Rotate the activations and output gradients, then compute the rotated per-example gradient. The rotations cost \(N S (D_1^2 + D_2^2)\) time The last step is \(N S D_1 D_2\) time.

So in practise, we should prefer the first approach over the second if

\[D_1 D_2 (D_1 + D_2) < S (D_1^2 + D_2^2).\]

In the implementation, opt-einsum will automatically do that for us.

Adding the cost for squaring and contracting, the overall cost is \(N S D_1 D_2 + N \min(S (D_1^2 + D_2^2), D_1 D_2 (D_1 + D_2)) + 2 N D_1 D_2\).

Note

(2) Cost analysis of Gramian contraction approach: A way to avoid building up per-example gradients is to write the eigencorrection as big contraction of the rotated activations \(\mathbf{\tilde{X}}, \mathbf{\tilde{Y}}\) and then rearrange the contractions such that the batch dimension can be directly summed:

\[\begin{split}\mathbf{E}_{d_1,d_2} = \sum_{n} \left( \sum_{s} \mathbf{\tilde{Y}}_{n,s,d_1} \mathbf{\tilde{X}}_{n,s,d_2} \right) \left( \sum_{t} \mathbf{\tilde{Y}}_{n,t,d_1} \mathbf{\tilde{X}}_{n,t,d_2} \right) \\ = \sum_{n} \sum_{s} \sum_{t} \left( \mathbf{\tilde{Y}}_{n,s,d_1} \mathbf{\tilde{Y}}_{n,t,d_1} \right) \left( \mathbf{\tilde{X}}_{n,s,d_2} \mathbf{\tilde{X}}_{n,t,d_2} \right)\end{split}\]

This requires building up the Gramians

\[\begin{split}\mathbf{G^Y}_{n,s,t,d_1} = \mathbf{\tilde{Y}}_{n,s,d_1} \mathbf{\tilde{Y}}_{n,t,d_1}, \\ \mathbf{G^X}_{n,s,t,d_2} = \mathbf{\tilde{X}}_{n,s,d_2} \mathbf{\tilde{X}}_{n,t,d_2}.\end{split}\]

Peak memory is dominated by \(N S^2 (D_1 + D_2)\).

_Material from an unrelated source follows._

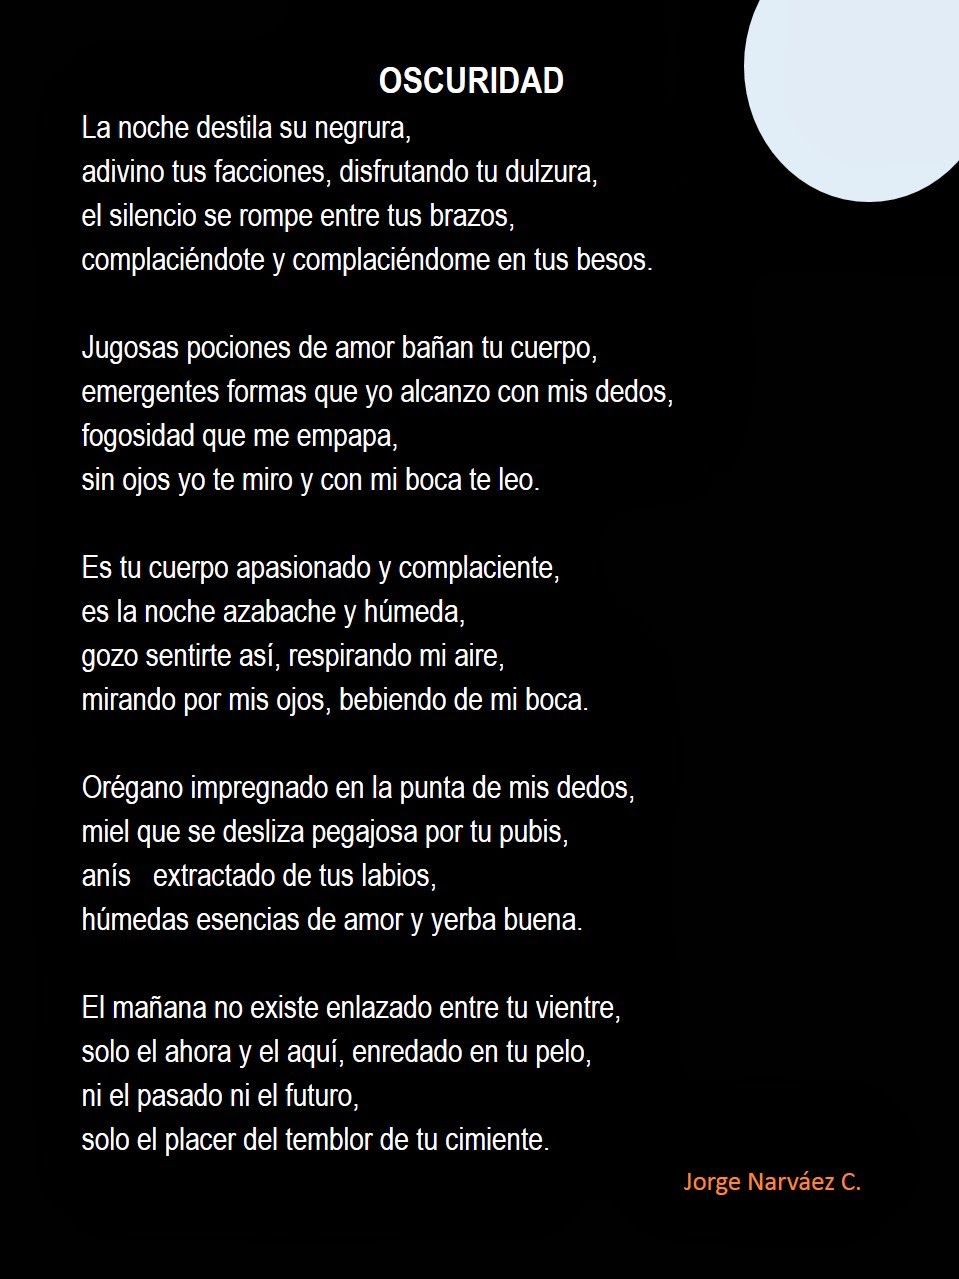 La oscuridad hecha versos: Un poema a la noche que encanta el alma

The time is \(N S (D_1^2 + D_2^2)\) for the rotations, \(N S^2 (D_1 + D_2)\) for building up the Gramians, and \(N S^2 D_1 D_2\) for the final contraction. In total, this is \(N S (D_1^2 + D_2^2) + N S^2 (D_1 + D_2 + D_1 D_2)\).

We select the approach with the smaller memory footprint, i.e. Gramian contraction if \(S^2 (D_1 + D_2) < D_1 D_2\), and squaring per-example gradients otherwise. So generally speaking, the more weight sharing, the better building up per-example gradients will be.

In the extreme case \(S=1\) (no weight sharing), the Gramian contraction approach uses only \(N (D_1 + D_2) < N D_1 D_2\) memory compared to the per-example gradient approach. In terms of time, the Gramian contraction uses \(N (D_1^2 + D_2^2 + D_1 + D_2 + D_1 D_2) < N (3 D_1 D_2 + D_1^2 + D_2^2)\) compared to the per-example gradient.